Energy system integration is considered a crucial aspect of delivering the EU’s target to achieve climate neutrality by 2050.

By Paul A. Davies and Michael D. Green

On 8 July 2020, the European Commission (the Commission) issued a new Communication, “Powering a climate-neutral economy: An EU Strategy for Energy System Integration” (the Communication). The Communication is one of several recent policy initiatives to further the European Green Deal goal of achieving carbon neutrality by 2050. (See EU Commission Formally Announces European Green Deal.) The Communication notes that the current energy system is built on parallel and vertical energy value chains, which link specific sources of energy with specific end uses. According to the Commission, this system cannot deliver a climate-neutral economy due to its technical and economic inefficiency, substantial losses in the form of waste heat, and low energy efficiency. As such, the Communication outlines a plan for an integrated energy system that would establish a “pathway towards an effective, affordable and deep decarbonisation of the European economy in line with the Paris Agreement”.

The Commission notes that current trends — such as declining costs of renewable energy technologies, innovation in relation to storage systems, electric vehicles, and digitalization — are already driving greater energy system integration in Europe. However, the Commission cites the need to take a further step and “connect the missing links” in the energy system. As such, the Communication sets out specific policy and legislative measures. In particular, the Commission identifies three “complementary and mutually reinforcing concepts” to achieve an integrated energy system:

  • A more circular energy system, with energy efficiency at the core
  • A greater direct electrification of end-use sectors
  • The use of renewable and low-carbon fuels — including hydrogen — for end-use applications where direct heating or electrification is not possible

A More Circular Energy System

The Communication highlights the following areas:

  • Energy efficiency is considered an essential part of the energy system. As such, greater efficiency will reduce the overall investment costs and needs associated with energy production. The Commission will look to issue guidance to Member States to make the principle of energy-efficiency-first operational across the energy system in implementing EU and national legislation.
  • Local energy sources are considered to be used insufficiently or ineffectively. In particular, waste heat from industrial sites, data centres, and similar sources are considered to have significant unused potential.
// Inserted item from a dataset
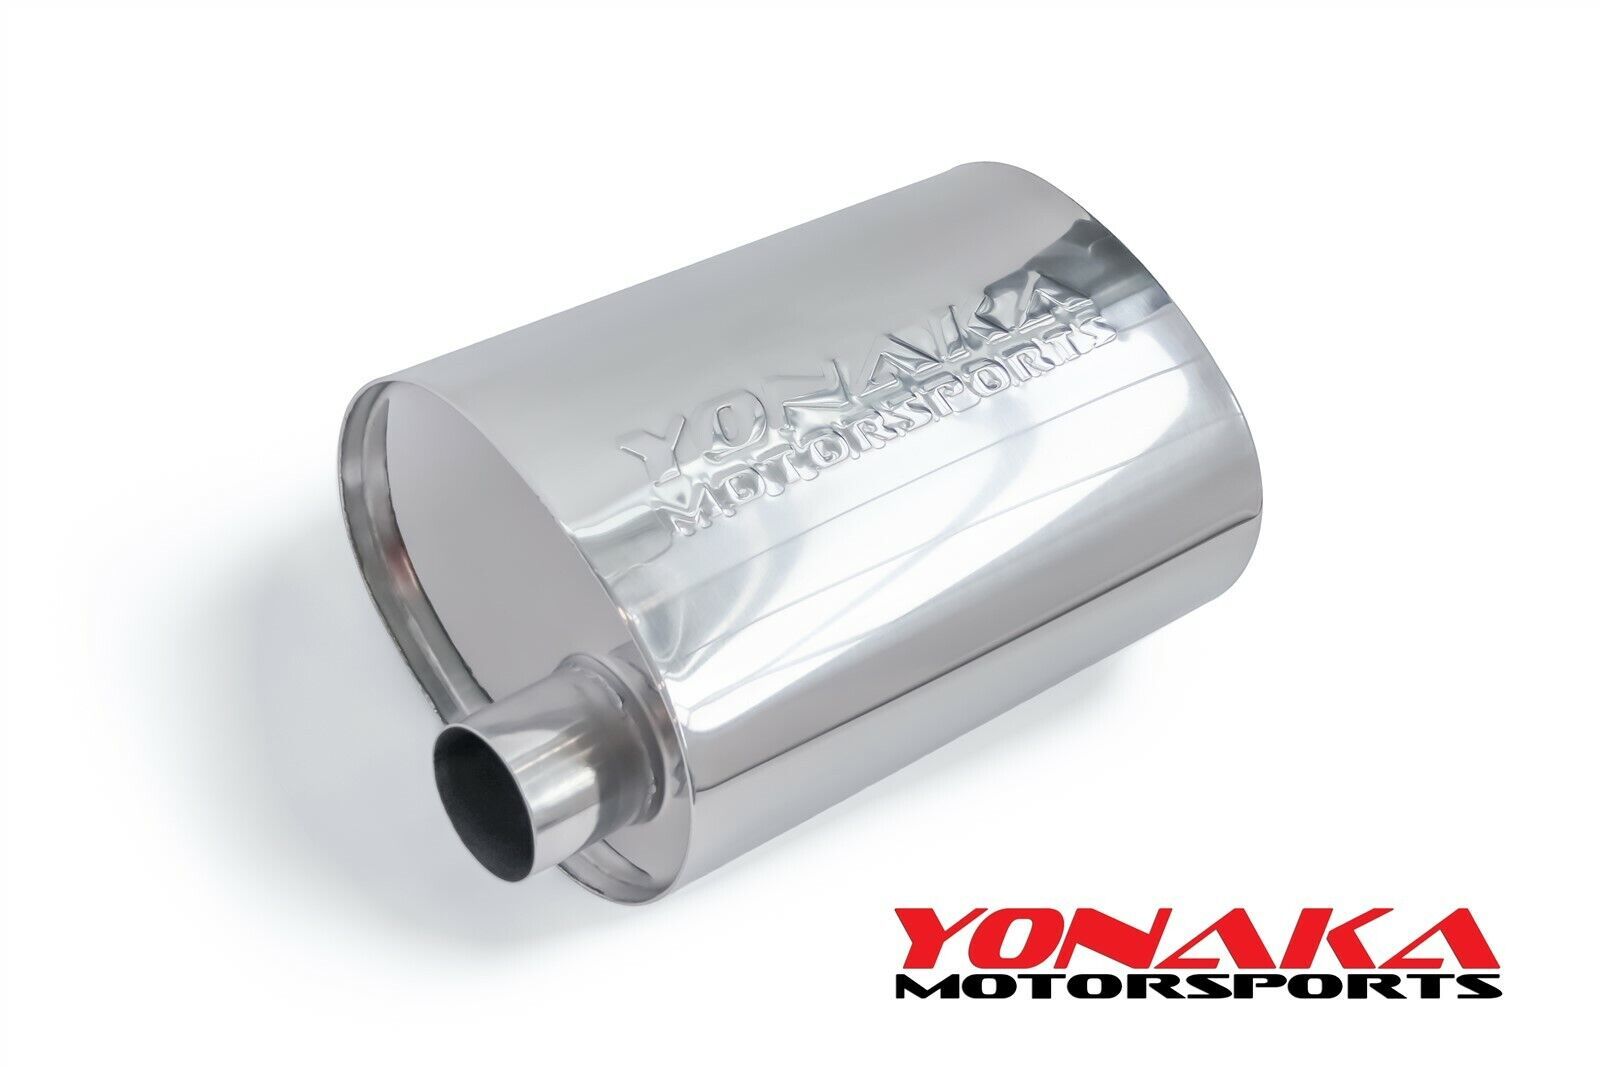 Yonaka Motorsports 2.5" Performance Muffler T304 Stainless Steel High Flow Logo - $154.69

As such, the Renewable Energy Directive and Energy Efficiency Directive will be revised to facilitate the reuse of waste heat through a connection to district heating networks.
  • Wastewater and biological waste and residues for bioenergy production are considered a further significant untapped source. Such biogas is considered a potential asset to be exploited on-site (e.g., on a farm) and integrated into existing renewable energy sources (such as solar electricity and heat). These efforts will be incentivised through a new Common Agricultural Policy, structure funds, and other programmes.

Greater Electrification of End-Use Sectors

Electricity demand is projected to increase significantly as part of achieving climate neutrality, with the share of electricity — as part of final energy consumption — expected to grow from 23% today to 50% by 2050. As such, growth in electricity demand will largely need to be met by renewable energy. While there are certain incentives for electrification on the demand side, particularly in buildings, industry, and transport, an increase in electrification raises challenges on the management of the electricity system at the regional and local level. According to the Commission, several policy and legislative developments will be required to address these challenges, including renewable energy policies, the deployment of electrification technologies (e.g., heat pumps, electric vehicle charging points, and similar devices), and consideration of decarbonisation as part of the Industrial Emissions Directive revision.
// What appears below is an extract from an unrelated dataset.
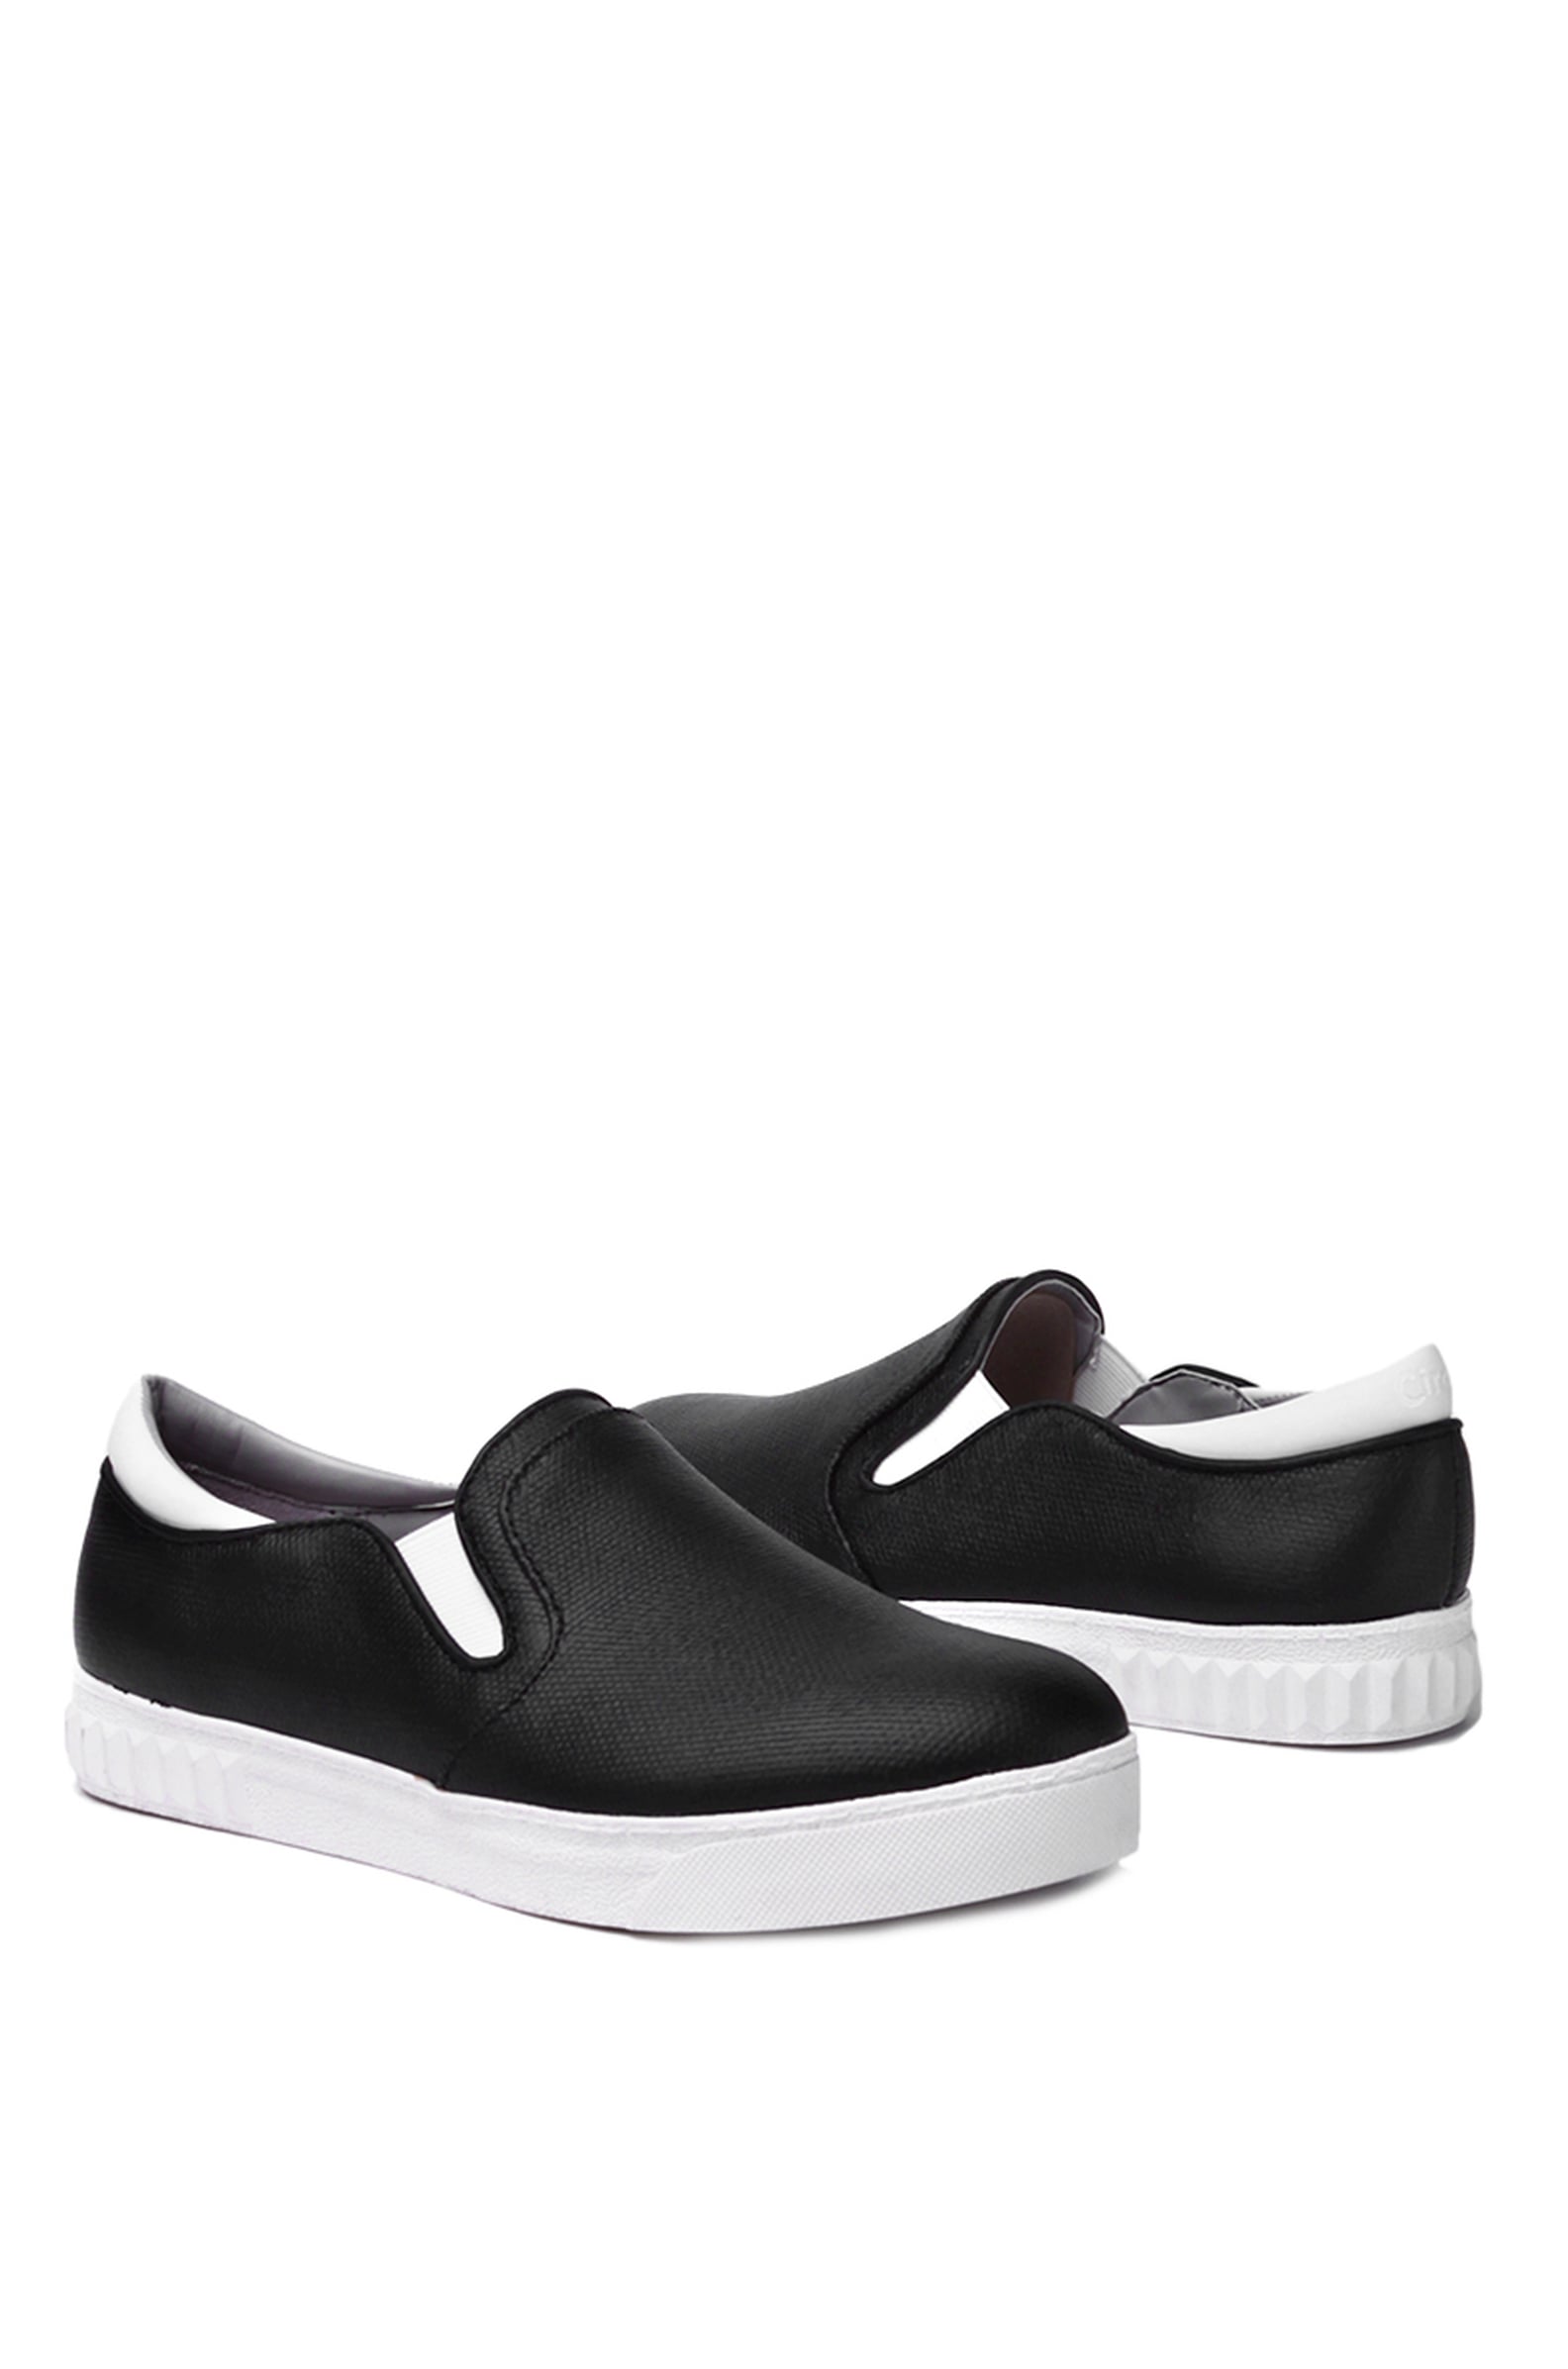 Spring Shoe Trends 2014 | POPSUGAR Fashion

Promoting Renewable and Low-Carbon Fuels

The Commission notes that some areas with higher costs may prevent direct electrification. In such instances, renewable or low-carbon fuels will need to be used (including sustainable biogas and biofuels, and renewable or low-carbon hydrogen or synthetic fuels). Notably, the Commission appears to be seeking to promote the use of renewable hydrogen in sectors that are hard to decarbonise (on 8 July 2020 the Commission launched a parallel Communication, “A hydrogen strategy for a climate-neutral Europe”). Additionally, the Commission is seeking to enable carbon capture, storage, and use projects and is considering using the Innovation Fund to demonstrate and scale up such projects.


While the development of an integrated energy system is considered part of the recovery package for COVID-19, such a system is also essential to help the EU achieve its goal of carbon neutrality by 2050.
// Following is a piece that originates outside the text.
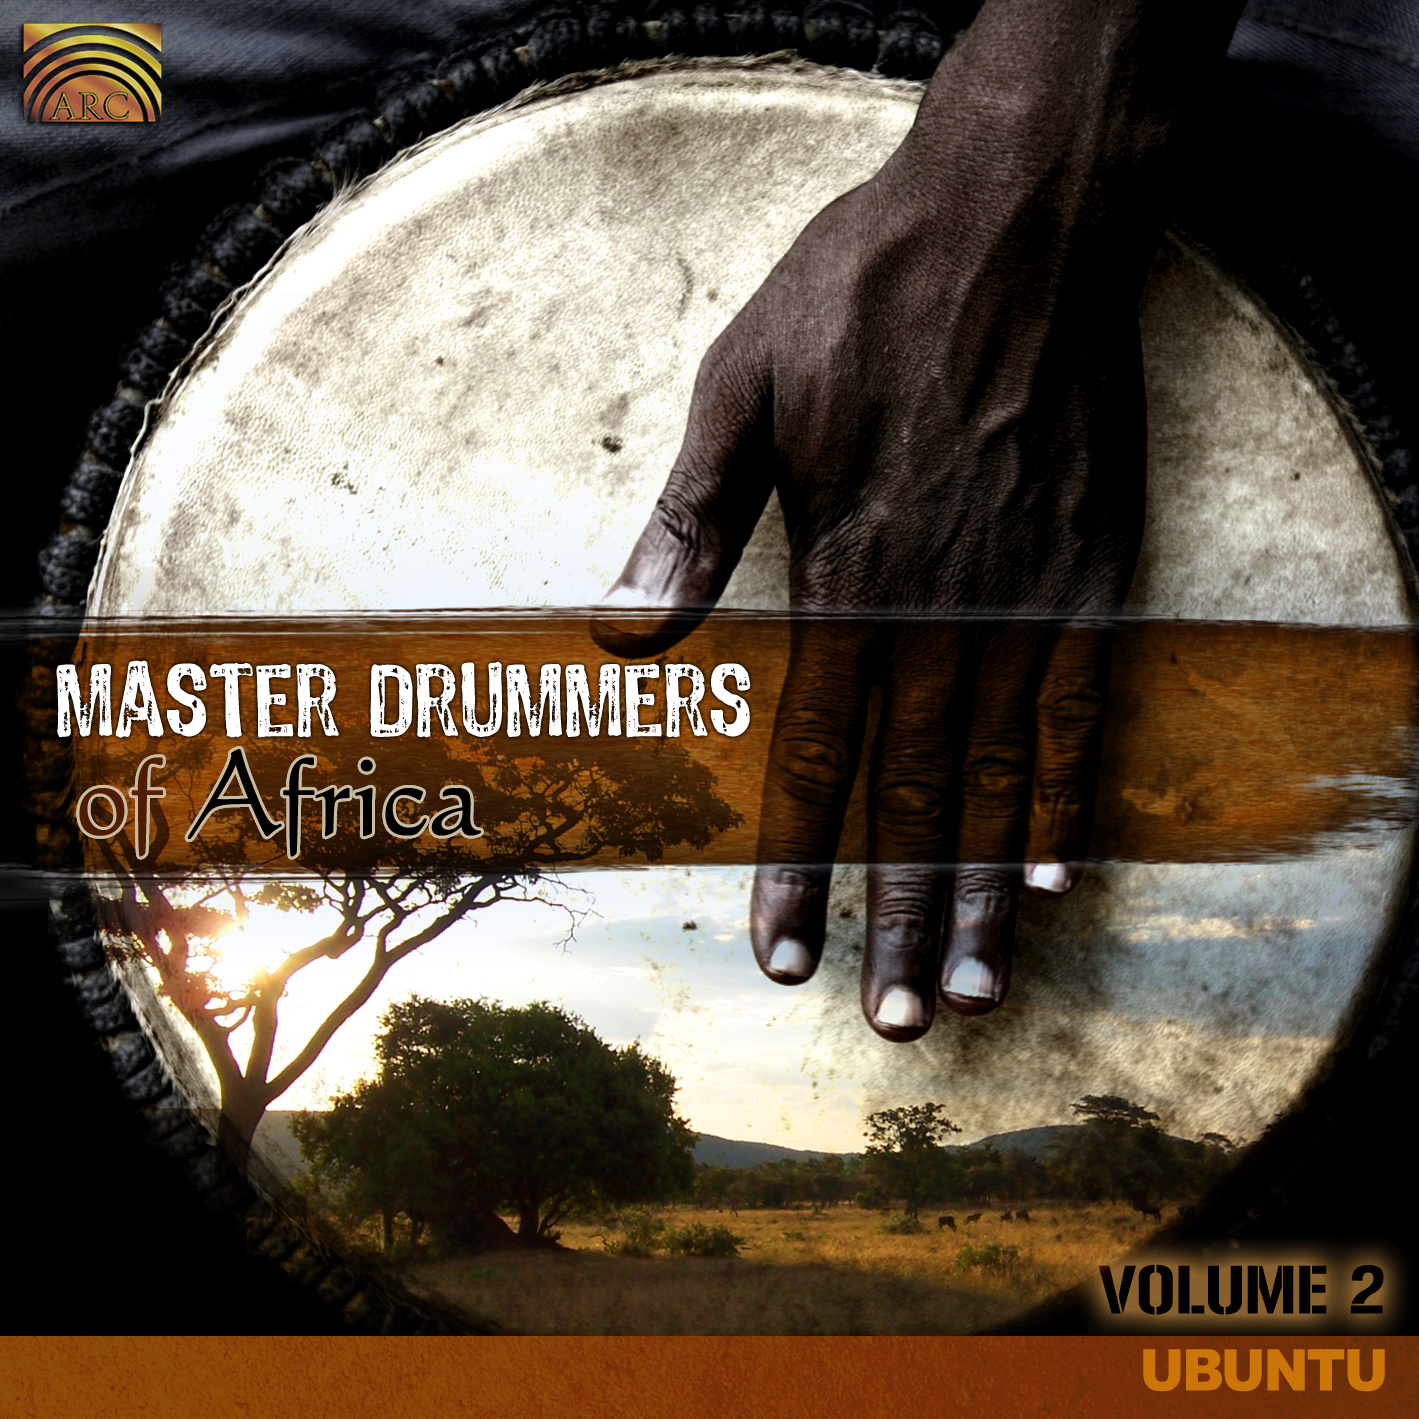 EUCD2280 Master Drummers of Africa Volume 2 - Ubuntu

The Commission believes that such integrated energy system will both provide flexibility and boost storage technologies (e.g., pumped hydropower, grid scale batteries, and electrolysers). The Commission also believes that home batteries and electric vehicles in buildings will provide additional flexibility to help manage the distribution system (electric vehicles, for example, could provide up to 20% of the flexibility required on a daily basis).

The measures envisaged by the Commission are wide-ranging and ambitious, and will require profound changes by the EU and by each Member State. Nonetheless, the Communication highlights the EU’s continued commitment to “building back better” and confirms that the Green Deal is at the heart of the Commission’s current policy-making.

Latham & Watkins will continue to monitor developments in this area.